Anti Balacka Christian youth loot the Muslim market.
The happy song makes me so happy
 Can twerking revive classical music?
Grateful Dead member warns against drug use.

Religion, it’s not a leap of faith, it’s high functioning autism.
-Eugene Mirman

I built a robot for sadness. I gave it tear ducts so real that salt tears could pour down its immobile features. I began to tell it my darkest secrets.
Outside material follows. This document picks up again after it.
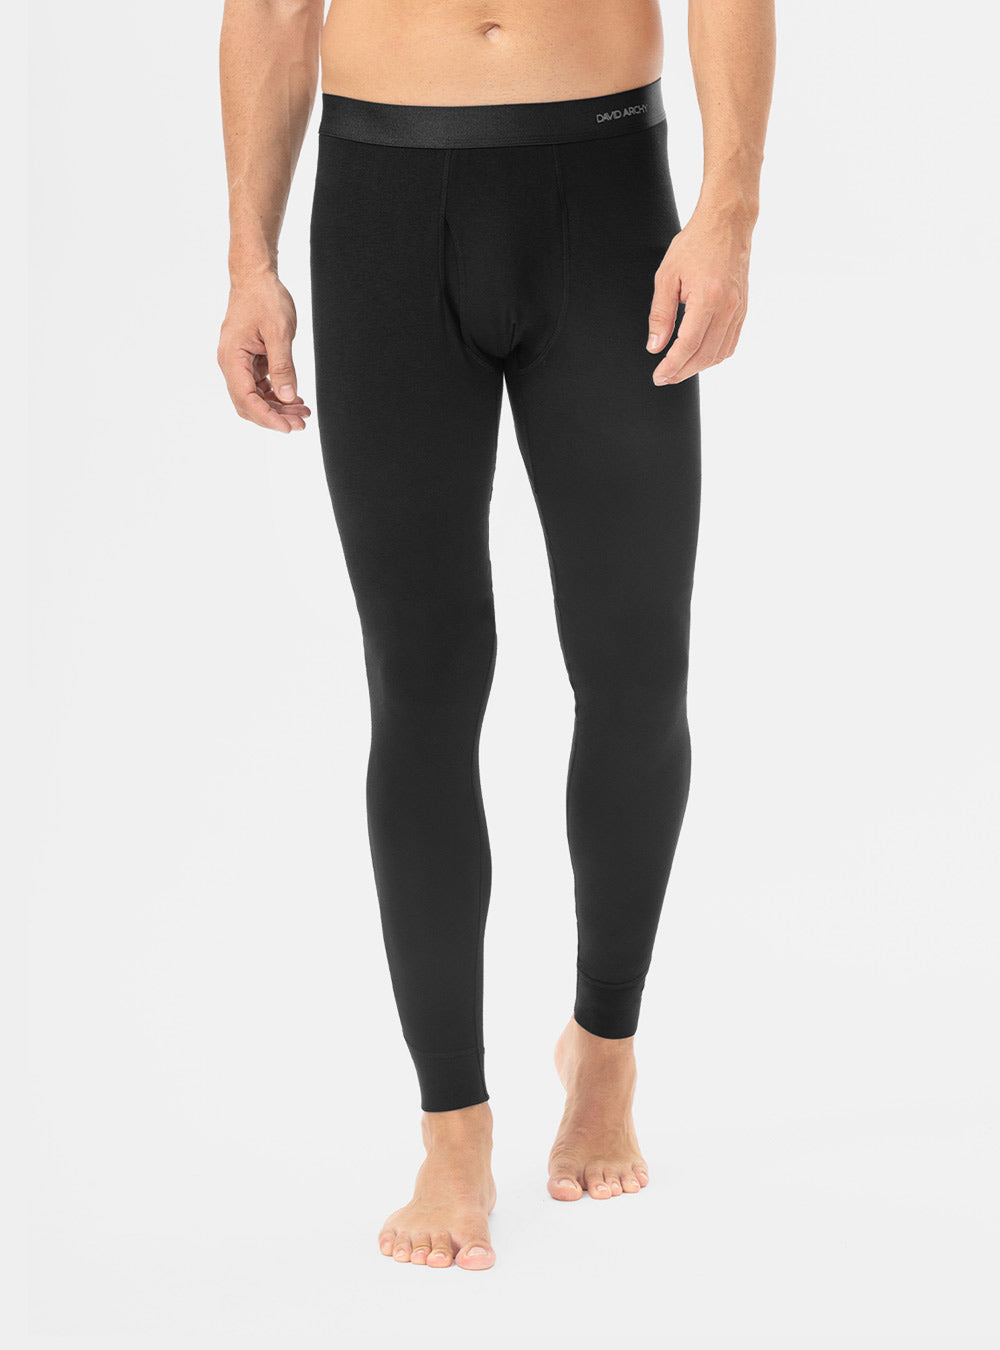 Rocky Thermal Underwear For Men (Thermal Long Johns Set) Shirt & Pants,  Base Layer w/Leggings/Bottoms Ski/Extreme Cold, White, 4X-Large price in  Saudi Arabia,  Saudi Arabia
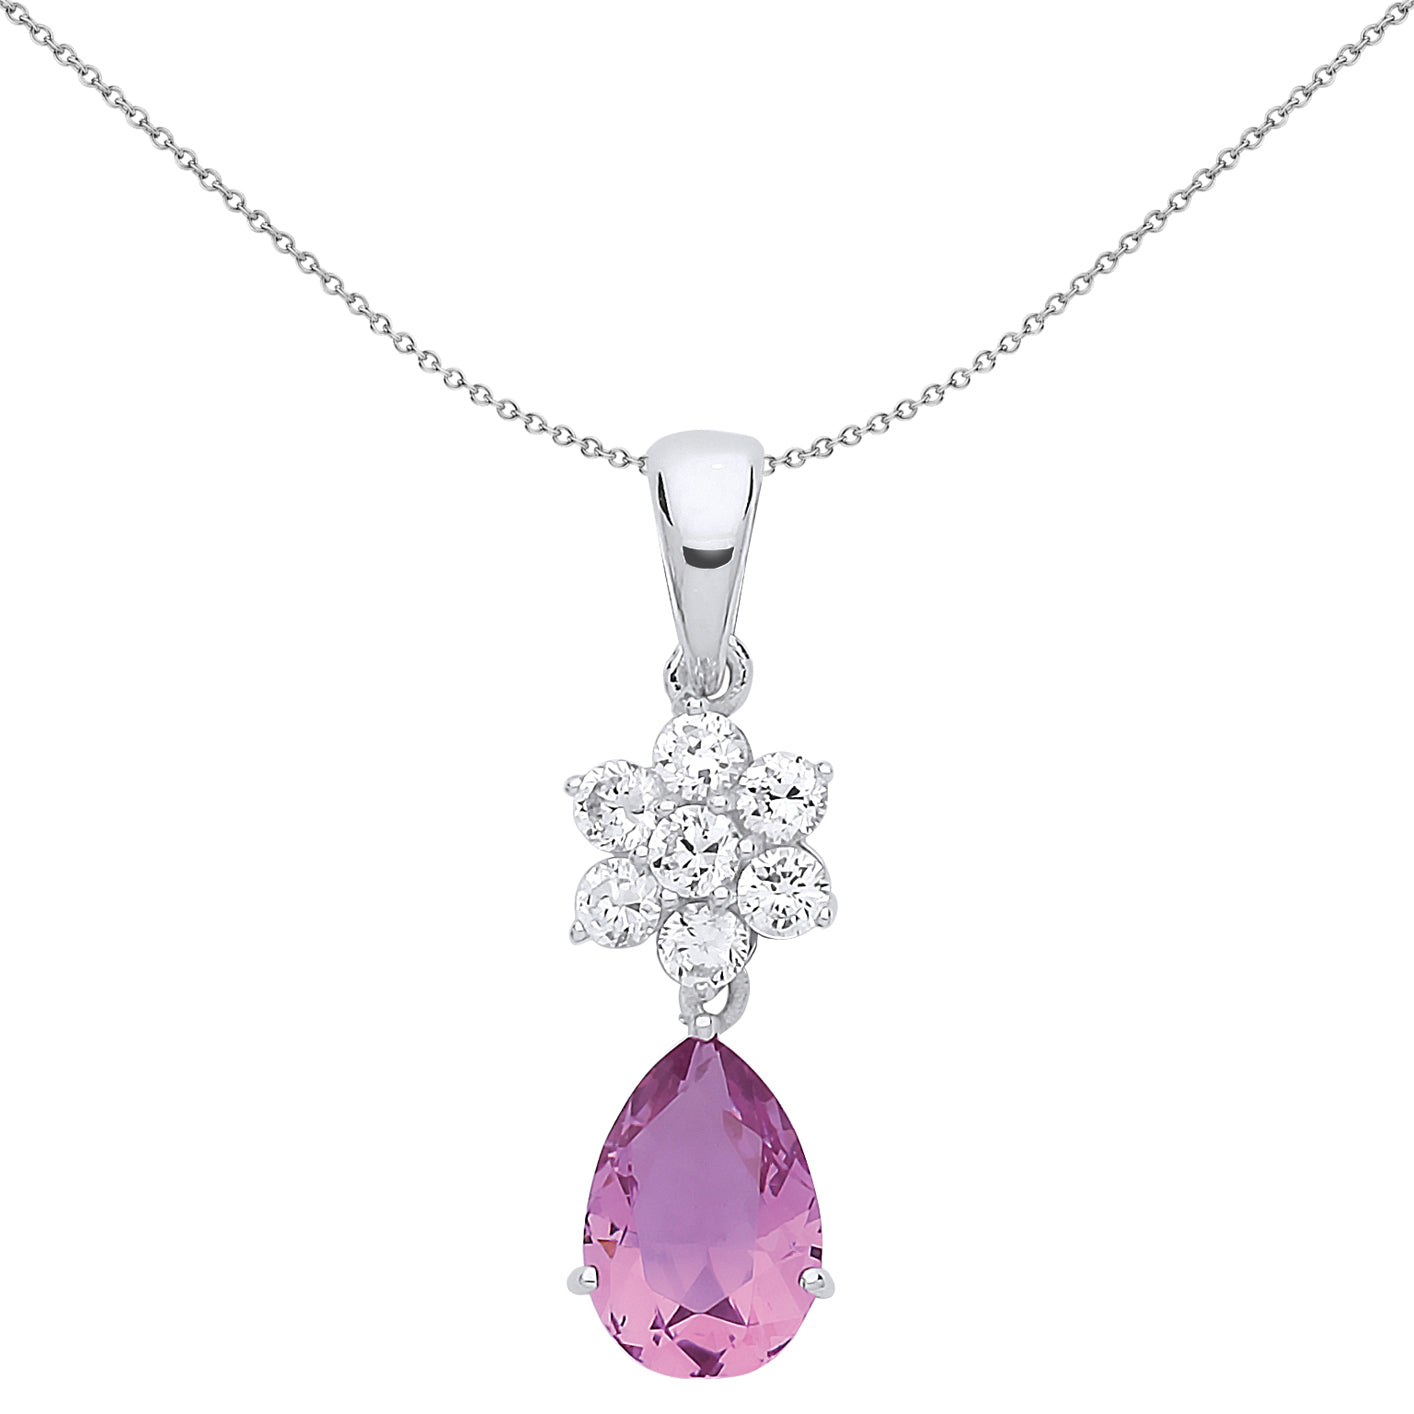 Silver  Lilac Pear Cut CZ Purple Rain Pendant Necklace 18 inch - GVP549

That I now longer loved my country and never really did, that I wished I knew for sure that the engine of the world was running down so we could enjoy one last fuck in the park, that only food made me happy, that I never loved anyone over myself and was sure no one else did either, I had forgotten to brush my teeth in the morning for a week, my clothing no longer fit and fell of my frame, and I had woken up for a couple of days with bloodstains on my pillow, that I hoped these tears would form a map to a new land, and that every morning I wished the world was wiped away.
The robot snuck out of its hidey-hole and began telling my neighbors all my secrets. All the shit I thought about them and everyone else. As I tracked down the robot I found my neighbors just shrugged their shoulders and didn’t care. Everyone told everyone all their secrets everyday already, and they had grown deaf to that sort of thing.



ISIS moved a convoy of two hundred vehicles past Abu Ghraib. Black flags fluttered in the hot wind.


Operation cherry blossoms at night was a proposed plan to fly kamikaze planes filled plague fleas into San Diego. The operation was approved but never carried out.